Companies aren’t the only ones receiving funding. The same was true for investment firms focused on consumer and household items. This includes VMG Catalyst, Alethia, and Humble Growth.

The time has come for traditional daily necessities. However, these companies themselves are not necessarily worthy of VC. That’s because consumer tastes are constantly changing, grocery shelf space is limited, and e-commerce requires clever techniques to cut through the noise. Many of the companies with capital value mentioned above fall into the enablement category of helping CPGs become better businesses.

But why are investors looking for so many opportunities in consumer technology and consumer goods right now?

Part of that is likely excitement about artificial intelligence, which Dana Kim, co-founder and CEO of Highlight, noticed while considering Series A funding for her product testing startup. .

“A surprising question we received throughout the funding process was, ‘What role does AI play in your organization?'” Kim told TechCrunch+. “What gave people a lot of relief was that Highlight wasn’t interrupted overnight by some kind of generative AI application at the end of the day. We need to know, and that’s not something generative AI can spit out. In the face of disruptive technology, it was important to have really hard data.”

Kim has spoken to many traditional FMCG investors (those who typically invest only in consumer products) who are now looking to diversify their portfolio and expand into adjacent areas. He said he was there. Think about enablement, e-commerce software, data, and analytics. The latter is what he Highlight does.

Some investors revealed to Kim that many of their portfolio companies struggle with consumer testing and gathering real consumer feedback.
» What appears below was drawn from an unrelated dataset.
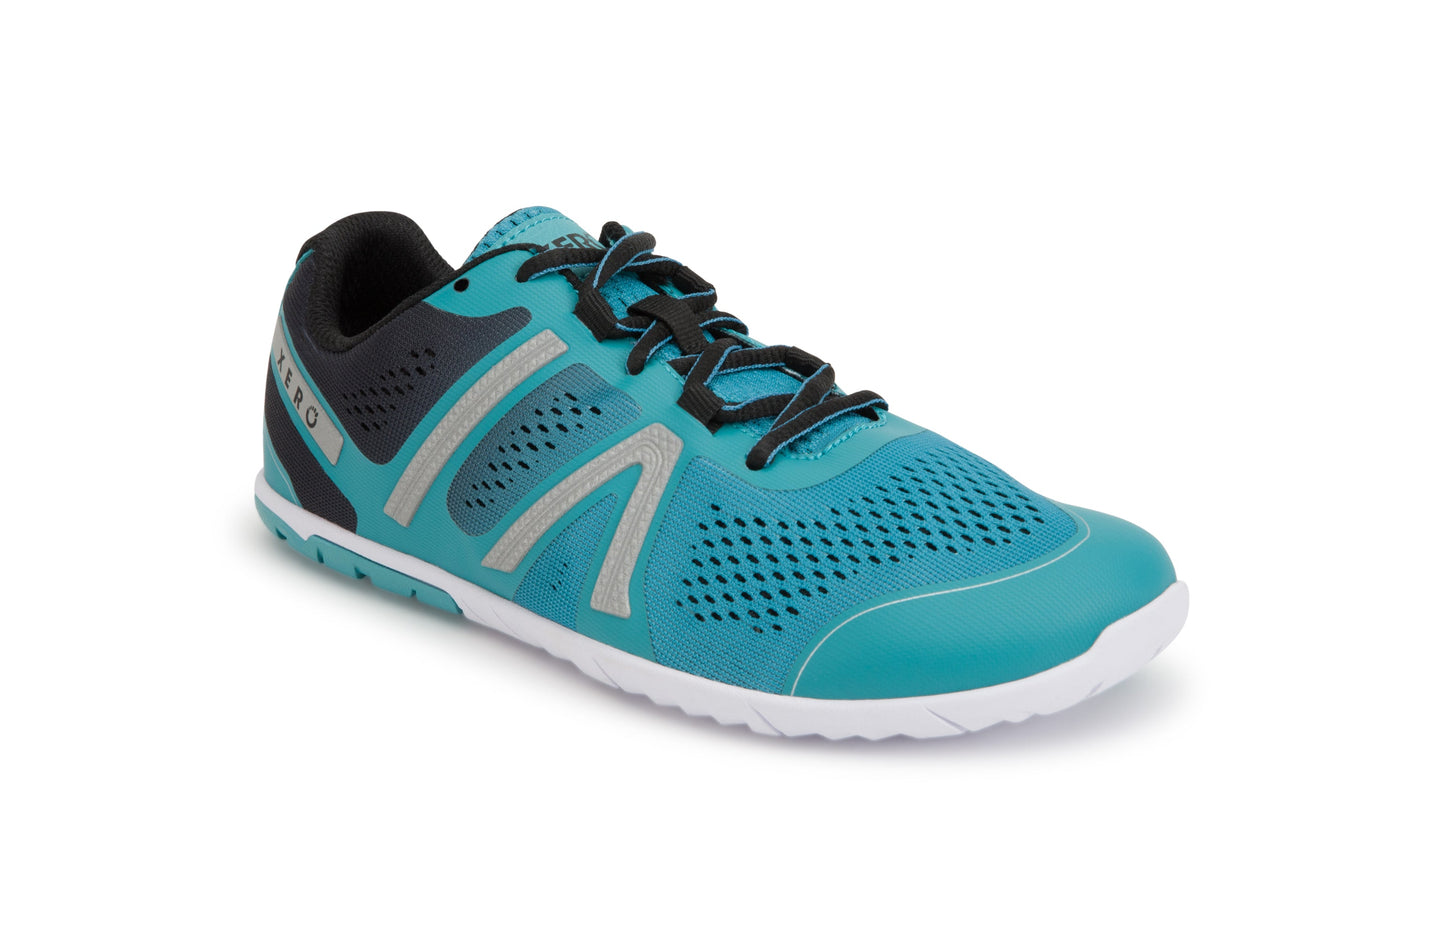 Xero Shoes HFS Womens barfods træningssko/løbesko til kvinder i farven porcelain blue, vinklet

He pointed out that much of this was due to the difficult commercial environment exacerbated by the pandemic, which highlighted supply chain scalability issues. Kim said lower gross margins and increased interest in higher, more attractive unit economics are causing some investors whose portfolios consist solely of consumer staples companies to look elsewhere for their capital. It is said that it has started.

“The best way to create value may be to invest directly in brands or in tools and technologies that make existing brands more effective,” said Jason, general partner at consumer venture capital firm Maveron. Stoffer says. “That’s what’s driving that change. Investing in direct-to-consumer brands can earn you a lot of money, but back in the days when venture capital was plentiful, multiples were very high, and advertising was cheap. This is a much more difficult proposition.”
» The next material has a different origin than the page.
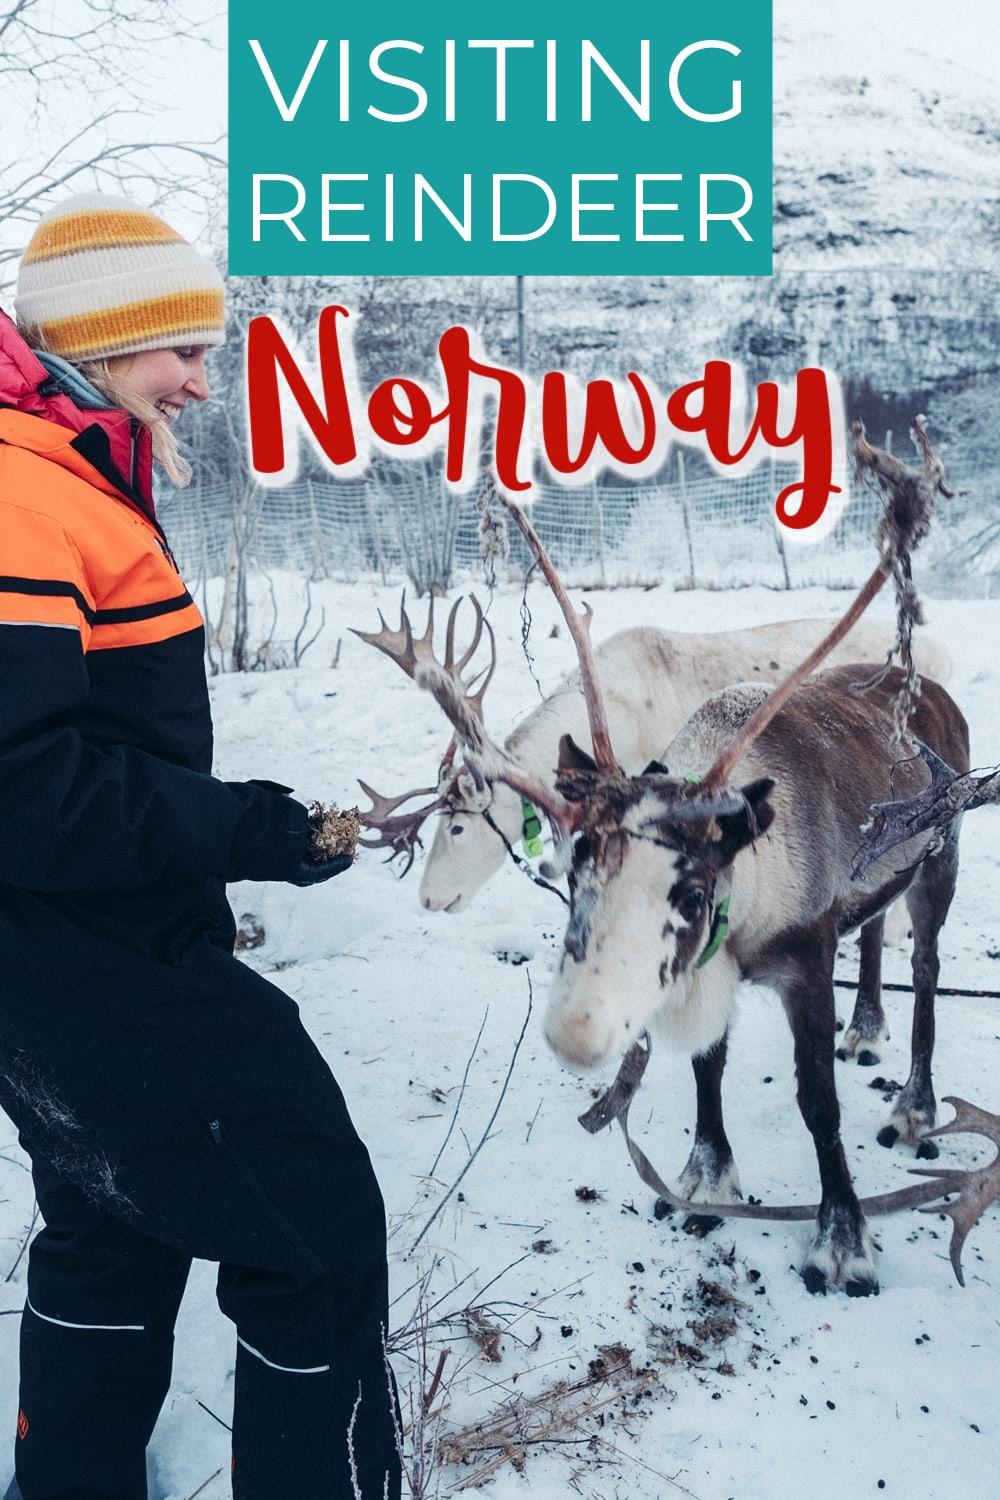 Reindeer sledding and feeding reindeer in Tromsø, Norway

Stoffer also pointed out that the customer strategy no longer really works because “customer acquisition is too expensive and it’s very difficult to stand out from the noise.” That’s why more and more retailers are relying on social media fame. The strategy of positioning itself well for Instagram and launching an influencer network continues to work, he said.
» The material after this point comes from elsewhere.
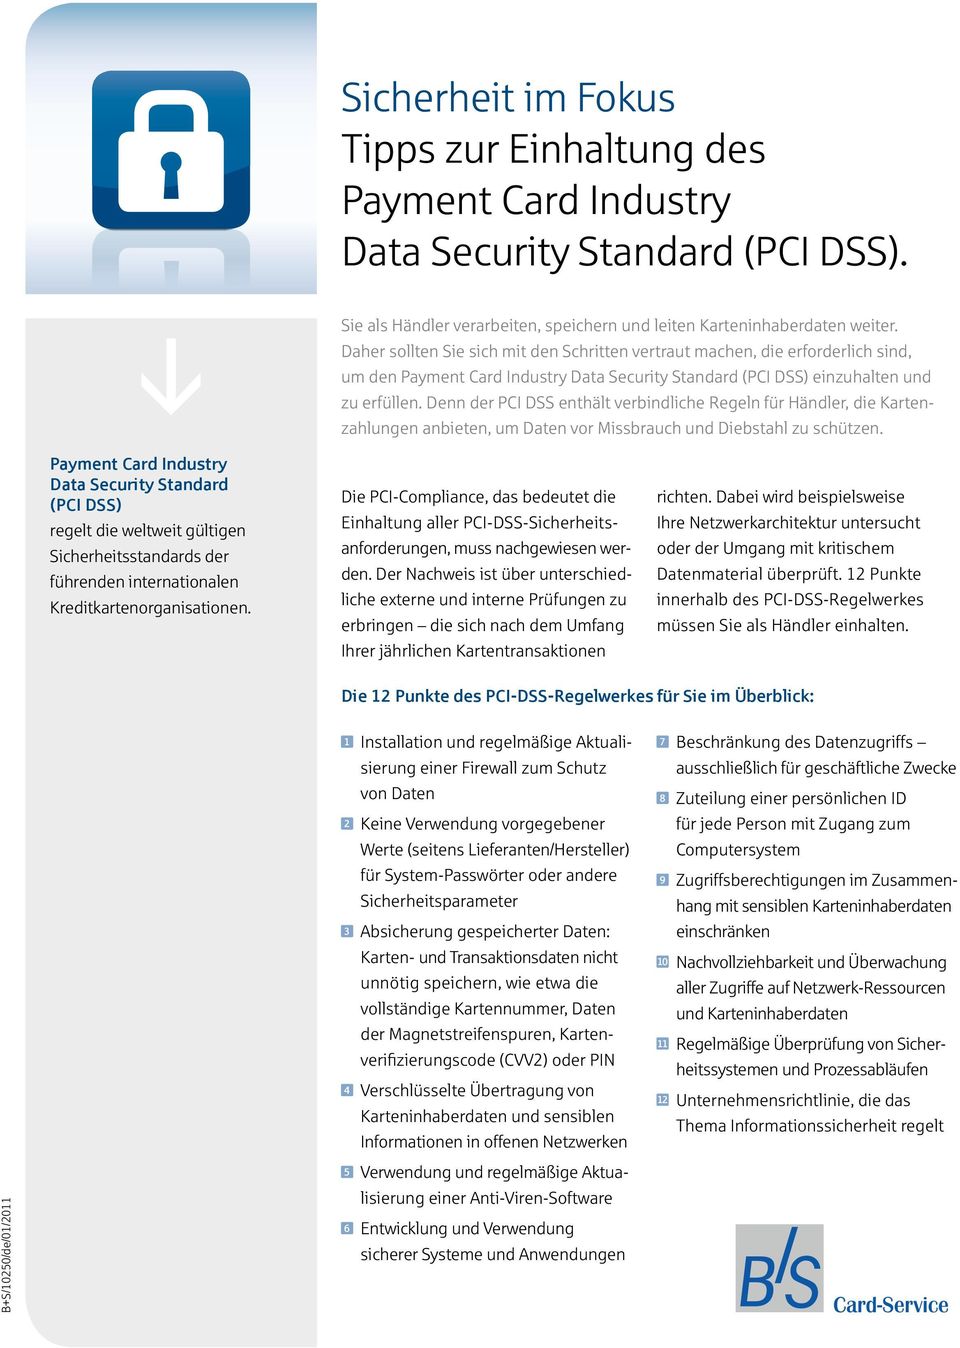 Denn der PCI DSS enthält verbindliche Regeln für Händler, die Kartenzahlungen anbieten, um Daten vor Missbrauch und Diebstahl zu schützen.

He also points to some of the companies that will exit in 2023, such as sandal maker Birkenstock and beauty and wellness company Oddity, both of which went public but do not necessarily rely on VC funding. Not that there was.

“I would argue that in a world where venture capital seems to be running away from consumers, it feels like on the consumer goods side, private equity is making a lot of money,” Stoffer said. . “There’s a real question about whether the consumer goods business is suitable for venture capital. There’s an element of playing roulette when you bet on these kinds of brands, because this particular Gen Z-focused cosmetics business… But how do you know if it will be successful compared to 10 other cosmetics businesses that look similar?”